Едва ли кто хуже жил в деревне, как Морозовы. Ребята бегали полураздетые, в одежде с чужого плеча. Не сладко жилось и жене Трофима Морозова – Татьяне Семеновне. Родня Морозовых попрекала ее, что она пришла в богатую семью из бедной хаты. Трофим Морозов плохо справлял хозяйство, в доме достатка не было. В комнате стояла кровать, прикрытая холщевым тряпьем. В кухне лежала куча соломы, на которой спали ребята.

Герасимовские кулаки сговорились избрать председателем сельского совета Трофима Морозова. Они часто приглашали его в гости, поили вином, подкупали. Отец Павлика был избран председателем сельсовета. На следующий день Павлик прибежал в школу к учительнице и радостно сказал:

– Зоя Александровна! Запишите меня в пионеры. Теперь отец противиться не будет.

Павлик ходил в школу в рваном полушубке, из-под которого виднелась холщевая рубашка, завязанная у ворота тесемками. Пуговиц никогда не знала его одежда.

Вечером в доме Морозовых разыгралась первая сцена. Мать увидела на сыне красный пионерский галстук и с тревогой сказала:

– Ох, Пашка, не показывайся отцу. Убьет он тебя.

– Не убьет, – ответил Павлик. – Он теперь председатель.

Пришел Трофим Морозов, взглянул на сына, спросил:

– Кто тебе велел записаться в пионеры? Ишь, какой коммунист нашелся… Неси, мать, вечерять.

Семья села за стол. Татьяна несла ужин. Трофим Морозов сурово сказал сыну:

– Пошел из-за стола, щенок! Я коммунистов не кормлю.

Павлик замешкался. Тогда отец ударил его по лицу и толкнул на мать, которая держала в руках сковородку с горячим салом.

Павлик слег в постель. Ребята в школе ходили подавленные. Среди них не было веселого товарища, ласкового ко всем, верховода забав и игр. Он лежал, завернутый в тряпье, и никому не говорил о том, что его избил отец. Навещали друзья из пионерского отряда, рассказывали об отряде, о работе, о школе, а он со слезами на глазах отвертывался к стене. Ребята приходили не часто: Трофим выгонял пионеров.

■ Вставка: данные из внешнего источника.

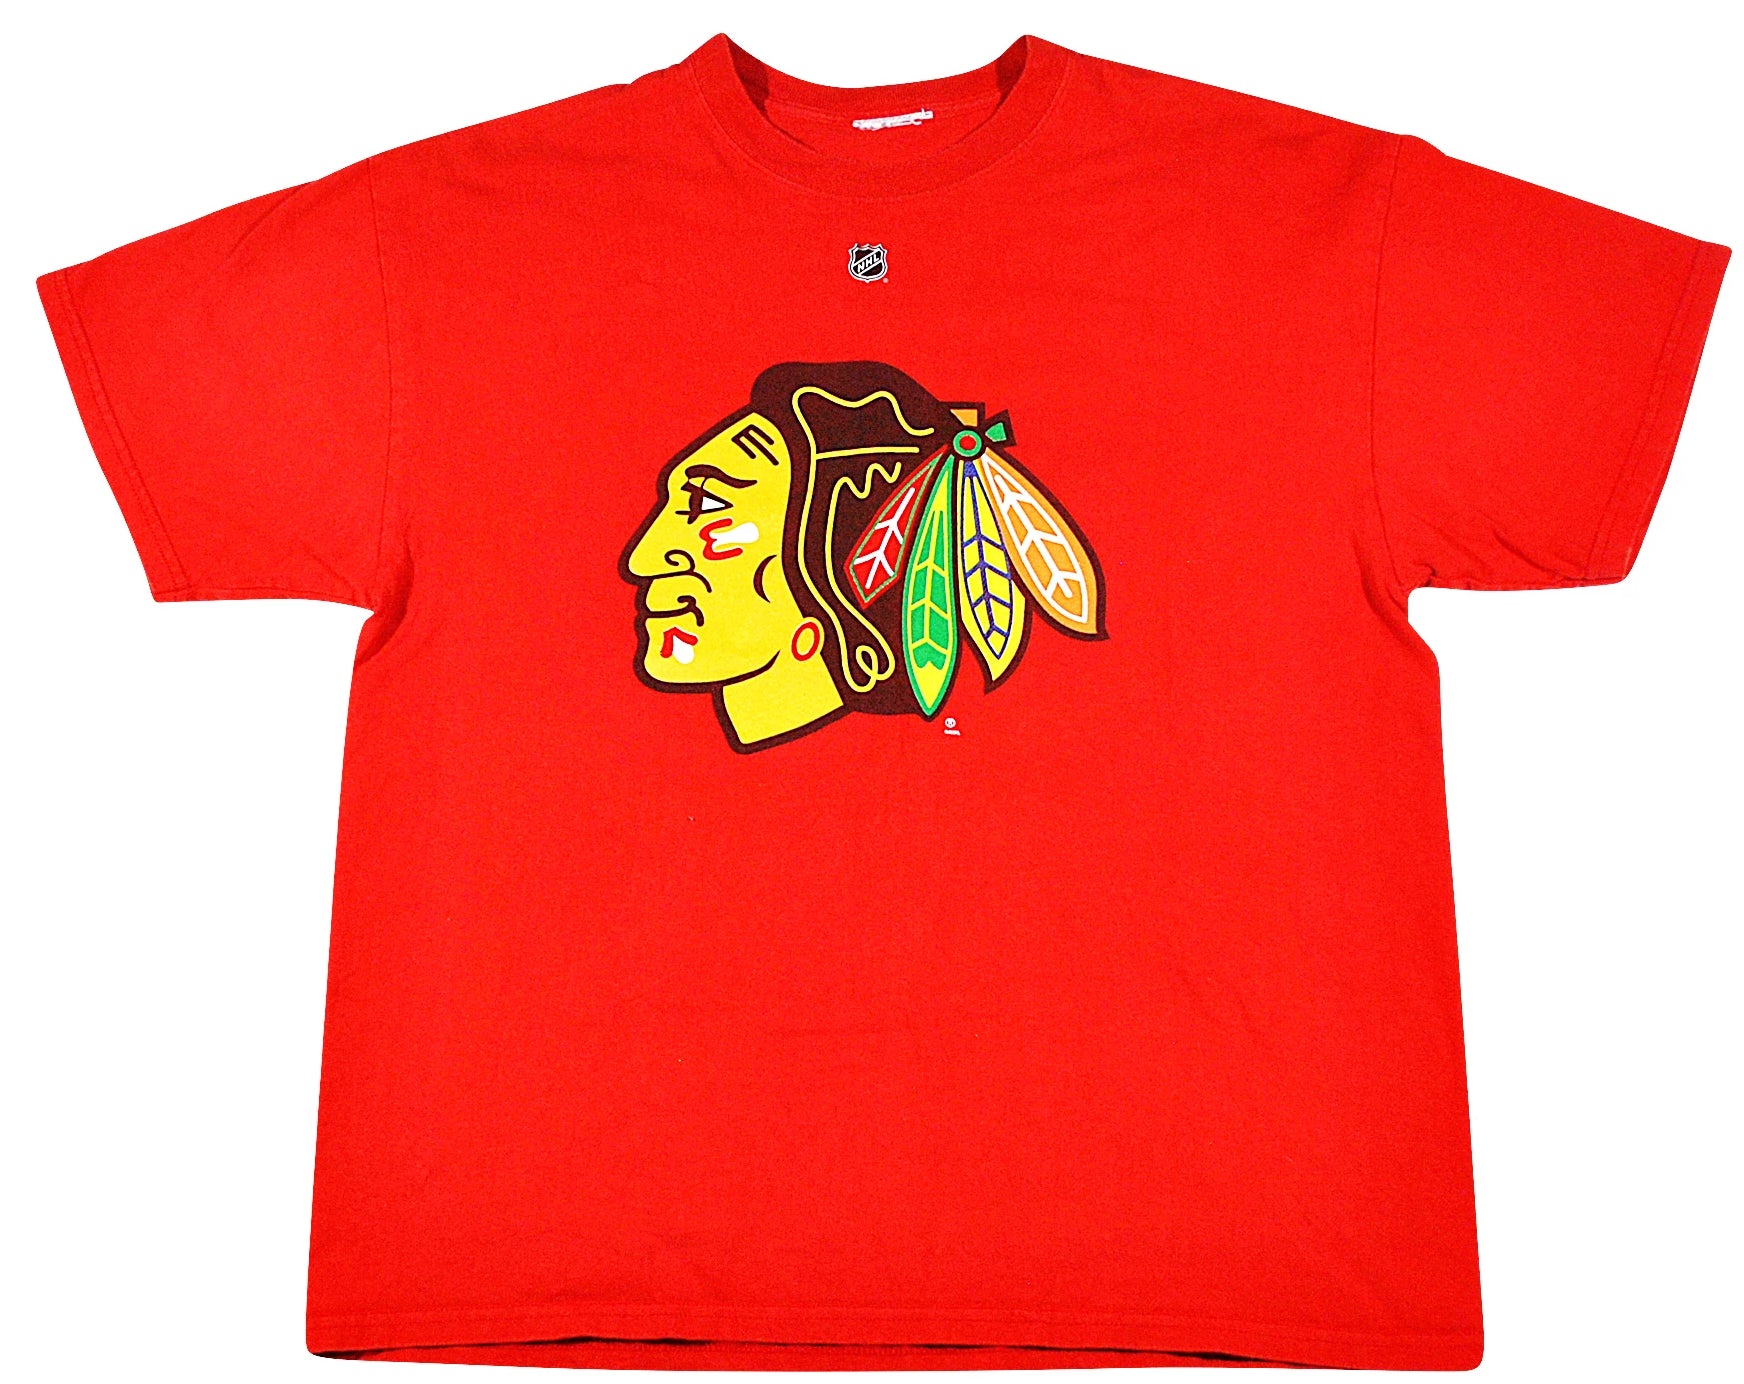 Majestic Chicago Blackhawks T-Shirt XL Red Mens Short Sleeve NHL Vintage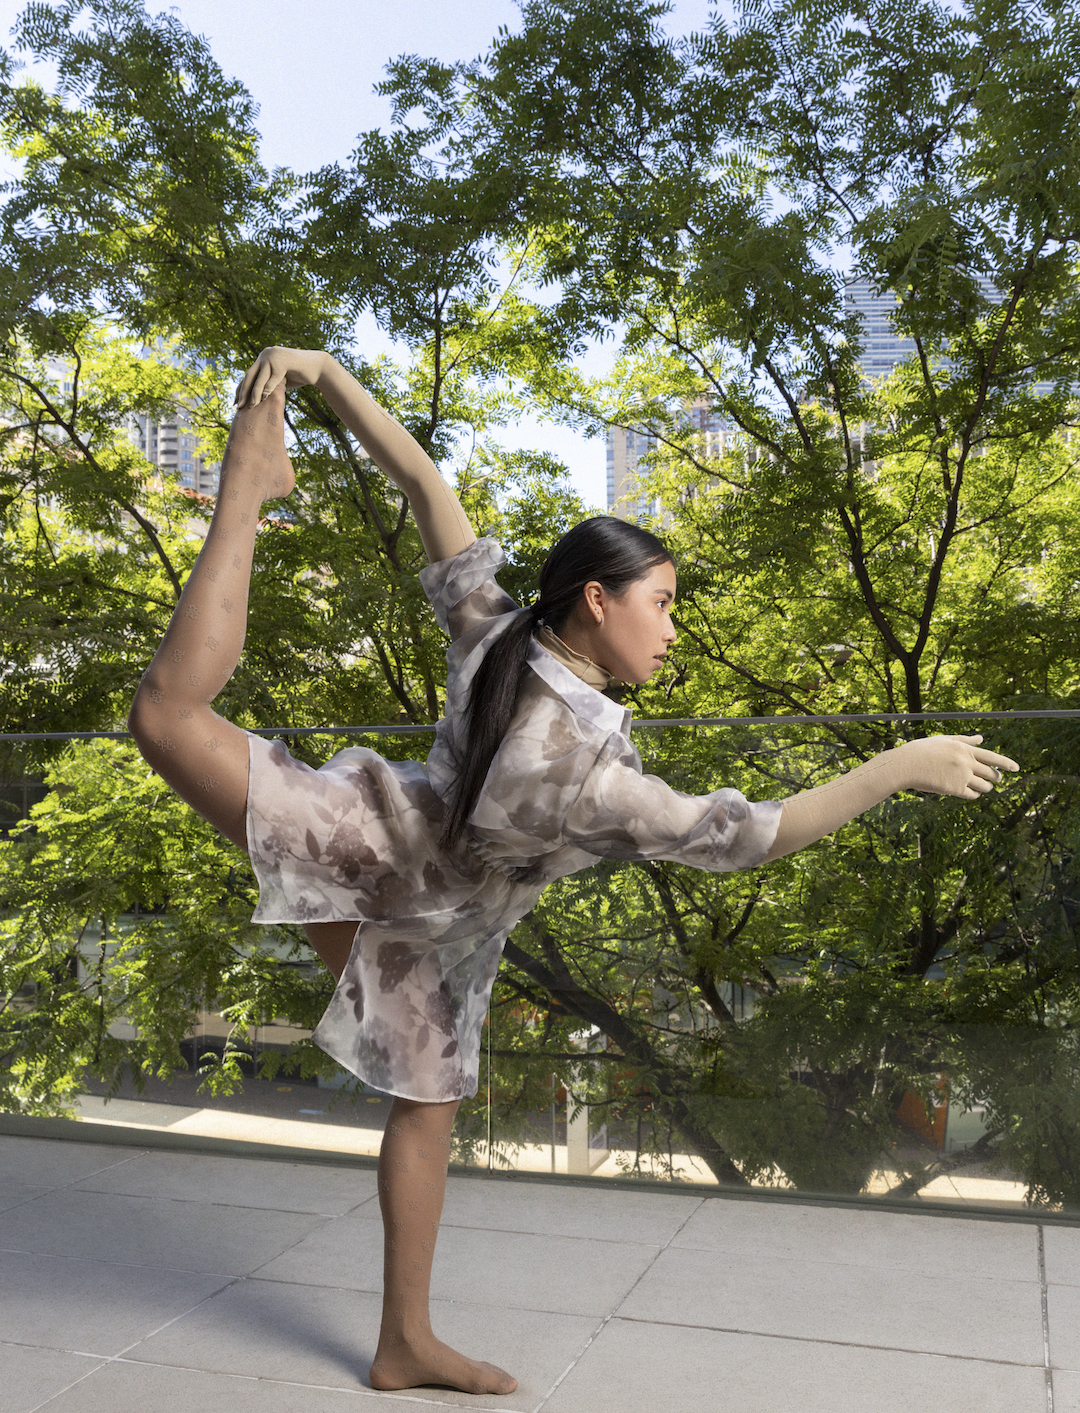 A dancer wearing Fendi attire poses outside on one leg

Все чаще и чаще Трофим Морозов являлся домой пьяный, забросил сельсоветские дела. Почти каждый день к нему приходили Кулокановы, дед Мороз и другие кулаки. Вся тяжесть забот по дому легла на Павлика. На приглашения ребят поиграть Павлик отвечал:

– Некогда мне, ребята. За сеном нужно, дров напилить. Отцу ведь некогда.

Отец окончательно спился и продался кулакам. Он приходил домой, выгонял ребят и жестоко избивал жену. Есть в доме было нечего. Избитая мать ходила по деревне, по знакомым и просила то пару картошин, то брюквы, чтобы накормить ребятишек.

И вот однажды ночью Павлик стал свидетелем торговли отца с одним из кулаков из-за справки. Кулак просил справку о том, что он бедняк, совал в руки Трофиму червонцы, вытащил из кармана водку. Трофим продал ему справку.

Несколько дней мальчик боролся: сказать или не сказать? Преступником был отец, и сын не хотел выдать его. Но долг пионера заставил сделать это. И Павлик пошел в школу, к учительнице, разыскал уполномоченною из райкома партии и честно все рассказал. Чтобы проверить показания мальчика, к Трофиму Морозову подослали переодетого милиционера, который, притворившись кулаком, стал просить у председателя подложный документ. Трофим продал справку. Председателя арестовали. Вся родия Морозовых, герасимовские кулаки со злобой угрожали Павлику:

– Погоди, коммунист сопливый. Найдем на тебя управу.

А дед Мороз, хмурый, волосатый, прямо сказал внуку:

– Змееныш ты. Не сносить тебе башки.

На суде Павлик говорил:

– Я говорю здесь не как сын, а как пионер. Мой отец продался кулакам, дружит с ними и вредит нашему государству.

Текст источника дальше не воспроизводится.